I have the following datasets and information: first, I have i different plots that I want to analyze. In each plot, i have j species that I want to obtain some information, such as:
plot1 = c(rep(1, 3), rep(2, 4), rep(3, 5))
spp1 = c('a', 'b', 'c', 'a', 'b', 'c', 'd', 'b', 'b', 'b', 'e', 'f')
data.1 = data.frame(plot1, spp1)
The above mentioned information repeats for a second dataframe of similar structure:
plot2 = c(rep 1, 2), rep(2, 3), rep(3, 5))
spp2 = c('a', 'a', 'b', 'c', 'c', 'b', 'b', 'b', 'e', 'f'))
data.2 = data.frame(plot2, spp2)
What I'm trying to do is, for each i plot, setdiff(unique(data.1$spp1), unique(data.2$spp2))
and add the obtained information to a dataframe that has 2 columns: plot and spp_name
For the example datasets I'd like to obtain a final dataframe such as:
df_result = data.frame(plot = c(1,1,2,2,3), spp_name = ('b','c','a','d',0)
0 (or similar) must be returned when the setdiff(unique()) returns 'character(0)', So, in a way, my df_result
needs to have, for each i plot, length equal to the number of setdiff strings between data.1$spp1 and data.2$spp2.

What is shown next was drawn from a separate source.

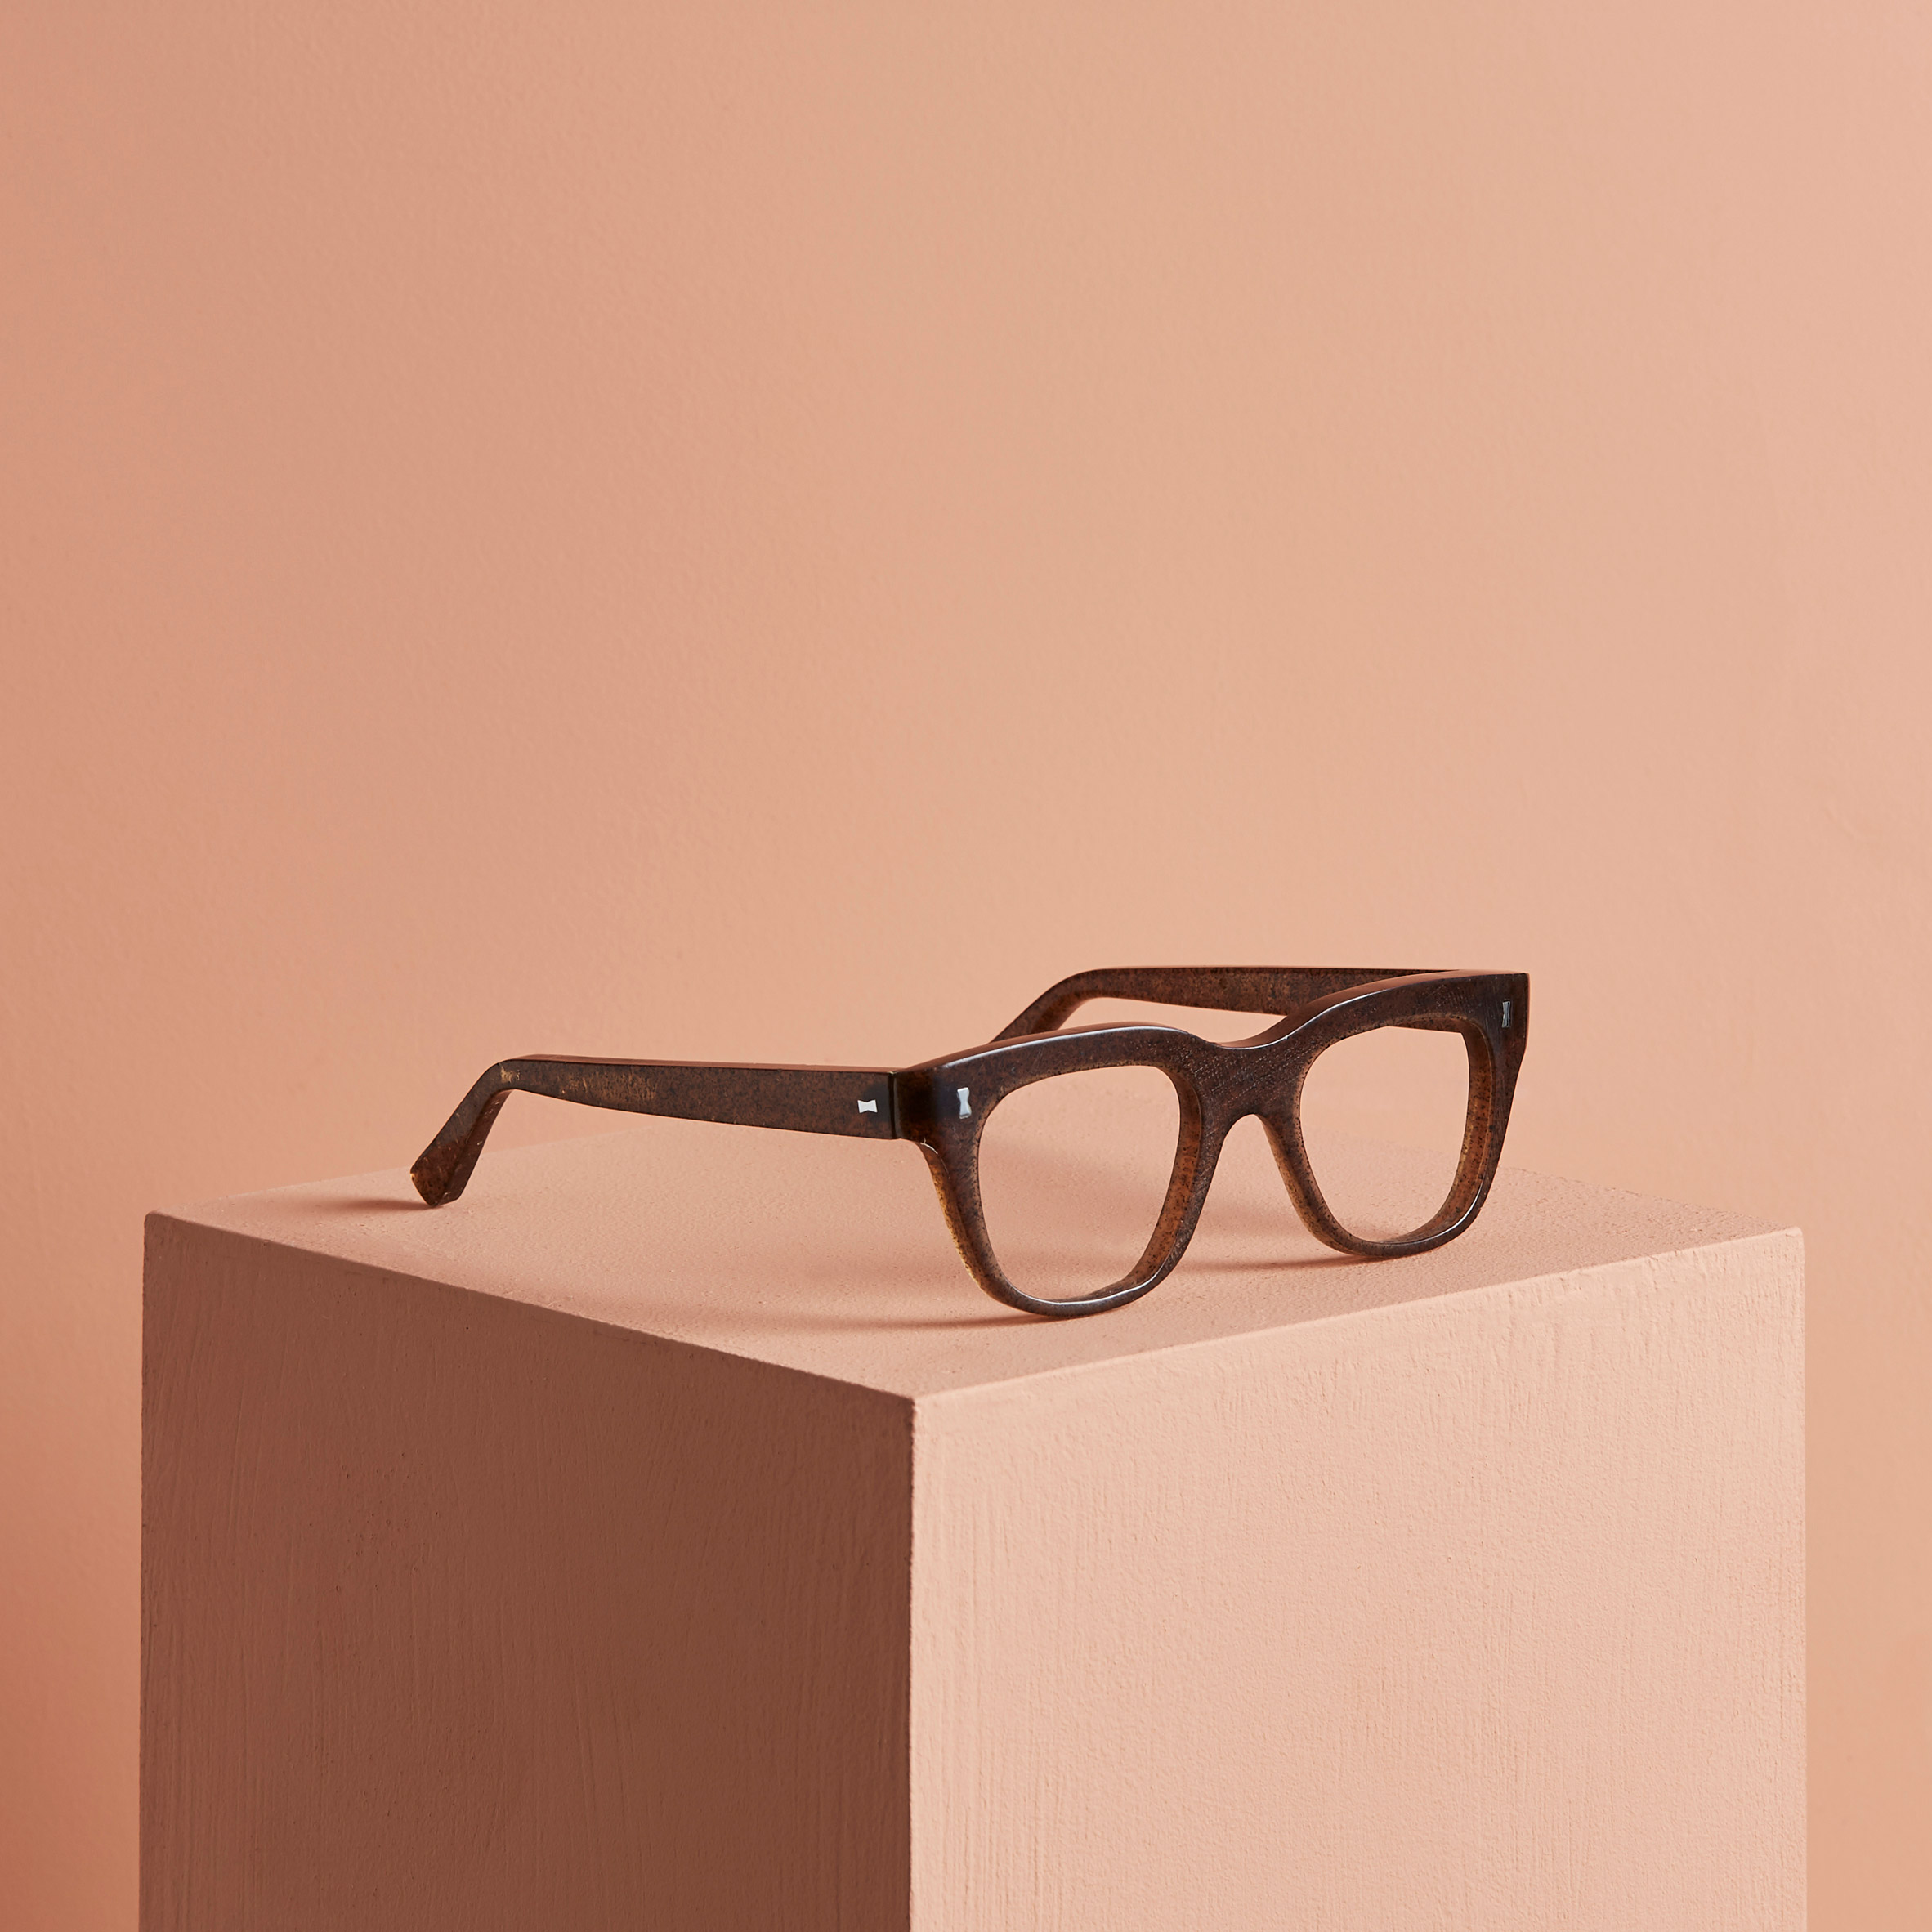 Cubitts makes Redux glasses from waste materials

The first thing I did was using a for loop based on each i plot. Getting to setdiff() string result is ok to but I don't know how to add this information to a empty dataframe...do I need to loop something for each species? I really hope my question is comprehensible.
Thanks already
CodePudding user response:
You could use anti_join
and add rows for the missing values:
library(dplyr)
anti_join(data.1, data.2, by = c("plot1" = "plot2", "spp1" = "spp2")) %>%
add_row(plot1 = setdiff(data.1$plot1, .$plot1))
# plot1 spp1
#1 1 b
#2 1 c
#3 2 a
#4 2 d
#5 3 <NA>